Yesterday I interviewed James Morrison, a world religion teacher at a public high school in Red Wing, Minnesota. If you haven’t already taken the time to read it, I highly encourage you to do so. It’s extremely thought provoking. Today, with Mr. Morrison’s permission, I’m providing excerpts from his end of semester course feedback so you can hear about students’ experiences “straight from the horse’s mouth.”
As you read the quotes, consider the various premises these kids are working from: being a Christian doesn’t allow for critical thinking, a religion being “sensible” equates to its possible truth and religions are equal if they all address morality, to name a few. Again, I pose this question as food for thought: Will a world religion class shake your kids’ faith in one of these ways? Can you see your kids writing one of these statements eventually?
I absolutely loved this class…but I’m not sure if my mom likes the fact that I took it. I think she dislikes the fact that I began to be more open about my personal beliefs, which differ from hers. Because of this I’m not allowed to talk to my little sister (eleven years old) about religion at all! I got in trouble for telling my sister “false ideas,” ideas that were not exactly pro-Christian. Despite this, I’m happy I took the class. Yeah for critical thinking!

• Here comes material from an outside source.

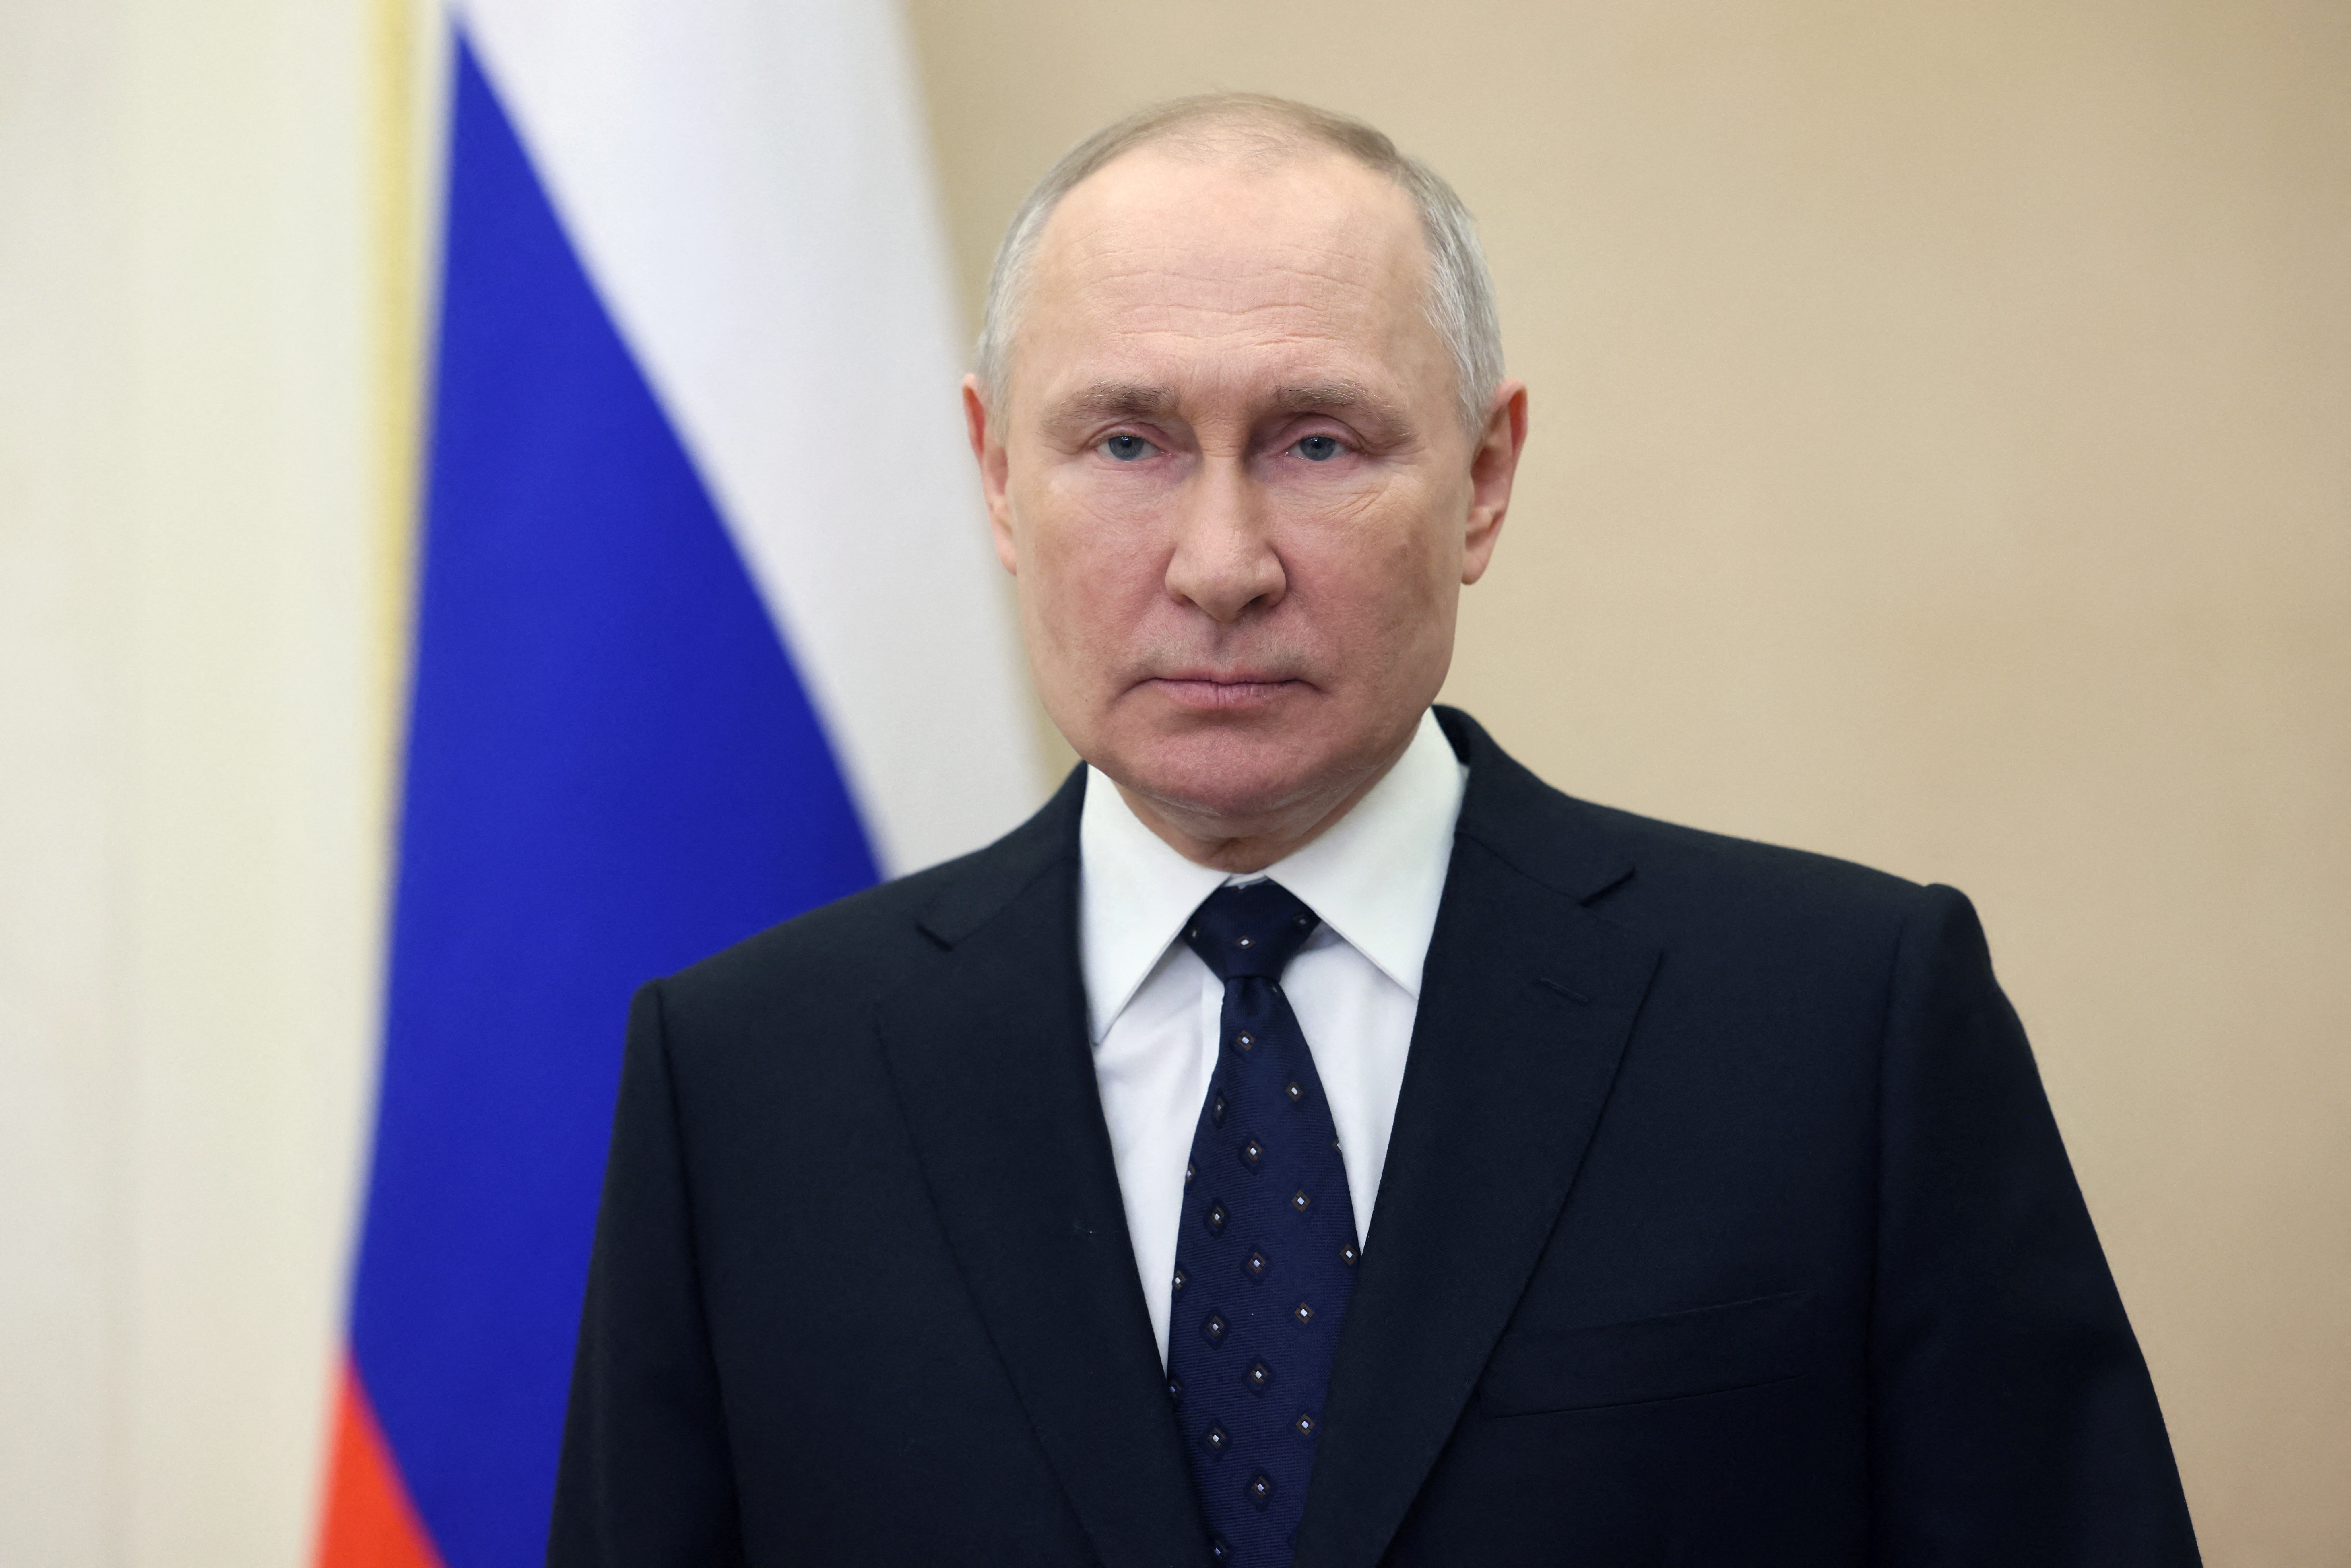 Esta semana estuvo marcada por el discurso de Putin reafirmando su intención de mantener la invasión a Ucrania y anunciando su retirada del tratado de desarme nuclear New Start firmado en 2010 con Estados Unidos. (REUTERS)

The necessity of a world religion class has never been more obvious as it was the night I was studying for my Christianity test and I remarked to my mother how little I knew about Protestants despite being one. How she responded made me a little sad. “You’re not a Protestant, you’re a Lutheran,” she told me. I was shocked. I couldn’t believe she didn’t know that Lutherans are a Protestant sect.
Islam was the biggest shock to me. I thought they were all about blowing stuff up and terrorism. But learning about them made me think differently about them. I find it amazing how they can stick to such a strict prayer schedule and honor their religion every day. I will now think differently whenever I see a Muslim.
One lesson among many that I will take from this class is how important it is to understand people and their beliefs before passing judgment on them. It is so very easy to have preconceived notions about a person/group without truly understanding them.
Coming from a Christian home with many Christian friends, many told me that taking World Religions would not be good because “all Morrison does is bash the Bible.” Well, they were wrong. In no way did I find what you said offensive toward my religion or my personal beliefs….Many fear that their little Christian boys and girls are being corrupted by exposure to other religions, but to me, that talk is just silly and is nonsense. Exposure to an idea that is different from yours isn’t corruption of the mind, it is really the expansion of the mind. Through out the semester I have learned about so many interesting ideas, and I really wish the course was a year-long class.
I’m really glad we talked about Buddhism because it is sensible information. I’m not a Buddhist, but I do believe in a few things the Buddha taught, especially the Eightfold Path. I have discovered it helps me to live my life better as a person, not as a Christian or Buddhist or someone from a religion, but as a person.”
It has long been my opinion that all religions are equal…they all preach morality of some form. Therefore, it was quite refreshing to have my own thoughts on religion repeated to me during the first few weeks of class. It makes me feel good to know that someone else has come to the same conclusions that I came to while staring off into space during Sunday school.
I am very happy I took this class, but I do know that it has kind of affected my beliefs…it has made me question my beliefs. I honestly don’t know what I believe anymore. Your lectures on Christianity flipped my perspective completely. You made valid points, but it is very difficult because these are the beliefs I have grown up with. Overall, I’ve really enjoyed the class. Now, I must try to learn for myself what to believe.
I grew up in a mostly non-religious home. But for some reason my parents sent me to a private Christian school from preschool through second grade. It was a Lutheran school and they were very strict about what kids were expected to believe. Because of this I sometimes got into trouble for saying things like “wouldn’t it be cool if they made a potion that let people live forever.” In this case the teacher responded by saying “No, that would be against Jesus’ will for us.” As a first grader I thought the teacher was always right and all-knowing, so I stopped asking questions.
There was only one time when I felt uncomfortable in class, and it was during the Buddhism unit. I felt bad because I was raised a Christian, but everything in the Buddhism notes and lectures were things I connected with. It was really an eye opener for me to take this class. And it sucks that my family is moving next year, I really want my sister to take this class.
From the beginning, this class has challenged my beliefs and sparked many questions about what I have grown up to believe. It is hard to say exactly what I believe now that I have taken this class. Currently, I still call myself a Christian. My family and church have never followed all of the Christian traditions, so my beliefs are a mix of Christian traditions and morals. I believe that Christianity can lead you to be a person of good morals, but I also believe that other religions can do this for people as well.
What stands out to you about these quotes? What insights about faith do they encourage you to give your own kids?